Parler de vulnérabilité, de peur, ça vient d’une réflexion personnelle, professionnelle ?

Angelo Foley : Un peu des deux à vrai dire. Je fais des ateliers et des conférences sur comment combattre sa peur et la dépasser. J’ai étudié l’intelligence émotionnelle et relationnelle donc les mécanismes de la peur, ça me parle, oui. Mais, à l’origine, je l’ai fait pour moi. Je ne trouvais aucun endroit où on pouvait en parler. Et j’avais aussi envie de pouvoir exprimer celles que je pouvais ressentir. Le premier post du compte Balancetapeur, c’est d’ailleurs ça, mes peurs personnelles. Évidemment, je n’avais aucune idée du résultat. C’était un coup de poker. Mais c’est comme ça que ça a commencé.

Est-ce que selon toi les gens se sentent plus libres de parler sur Instagram ?

Angelo Foley : Oui, je pense. Vous avez un pseudonyme, l’anonymat aide beaucoup à délier les langues, à mettre les gens en confiance. On a moins peur du jugement.

Ce qui m’a le plus surprise, c’est la notion de « safe space » sur ton compte. Pas de troll, pas de haine. Les gens se répondent même entre eux. Il y a une bienveillance ambiante qui détonne avec beaucoup de threads Twitter par exemple où la haine et la violence sont de mises.

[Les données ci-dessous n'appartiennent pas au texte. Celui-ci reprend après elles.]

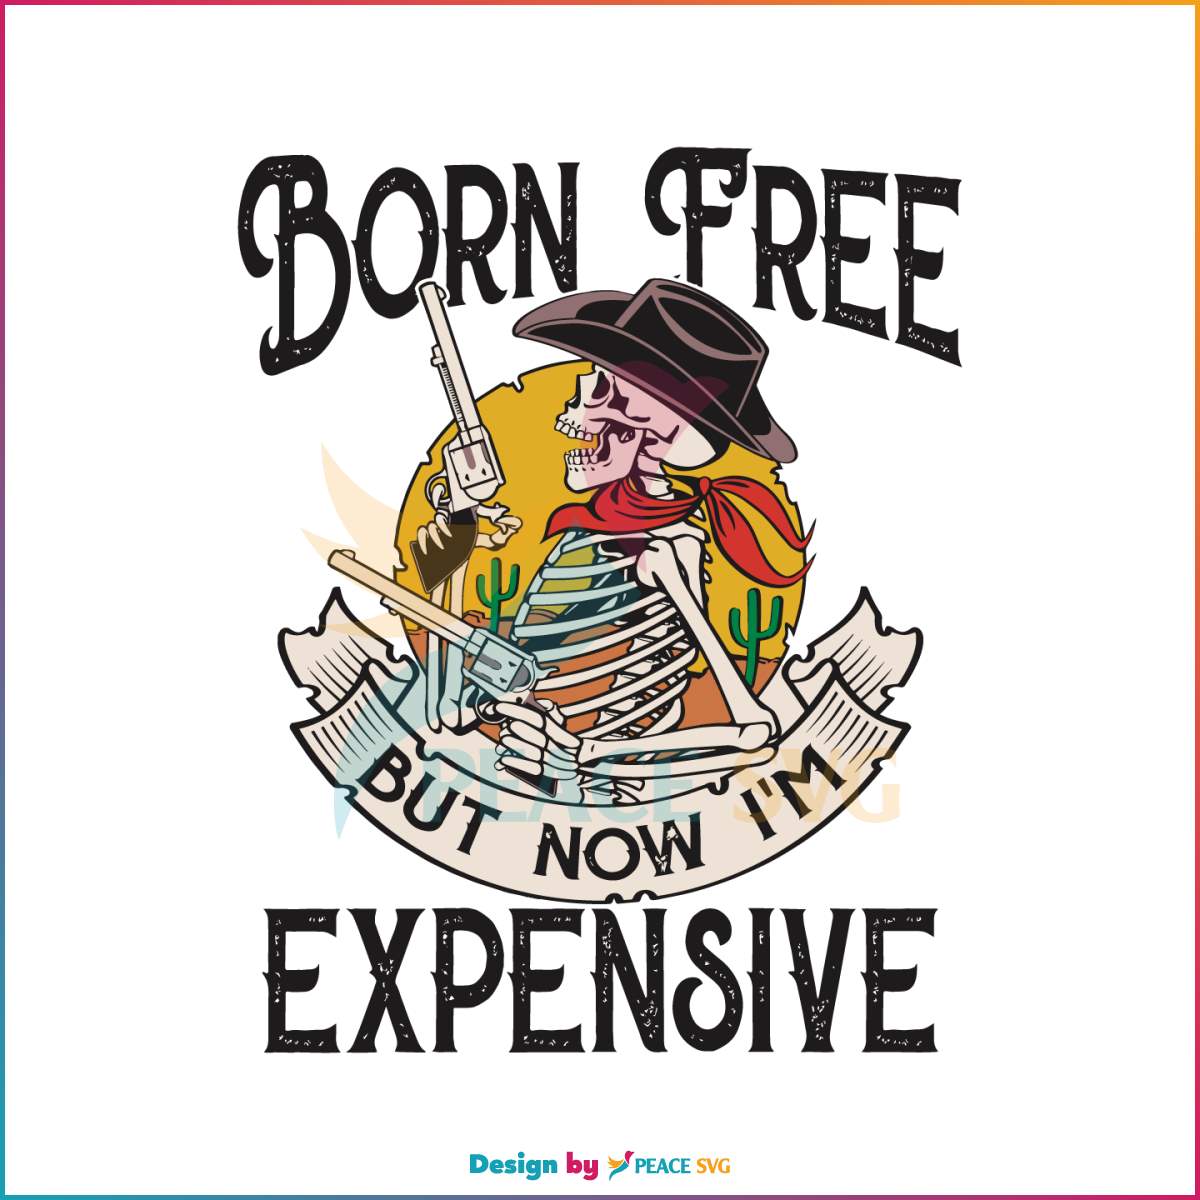 born-free-but-now-im-expensive-svg-cutting-digital-file

C’est vrai que je n’ai jamais de trolls sur mon compte. Je ne sais pas si ça tient à l’atmosphère bienveillante justement. Ou à la façon que j’ai d’aborder le sujet. J’essaie de ne pas juger. J’essaie de comprendre comment chaque personne fonctionne et comment sa peur influence son fonctionnement. Il n’y a pas d’injonctions ou de dénonciation. Ni jugement moral ou de valeur. Chaque personne délivre son témoignage, chacun raconte sa propre histoire.

Qu’est-ce qui fait que le compte fonctionne bien ? Que la communauté soit aussi active et réactive ?

Angelo Foley : Je me demande si ça ne tient pas à l’aspect universel du sujet. Ce qui fait aussi que la communauté fonctionne, c’est que chaque peur est humaine. Il y a toujours quelqu’un qui se retrouve dans la ou les peurs de quelqu’un d’autre. Il y a quelque chose de rassurant là-dedans. Non seulement la communauté est là et bienveillante, mais en plus vous ne vous sentez plus seul à ressentir cette peur.

Est-ce que selon toi, ce genre de démarche aurait été possible IRL ? Par exemple comme lors de tes ateliers ?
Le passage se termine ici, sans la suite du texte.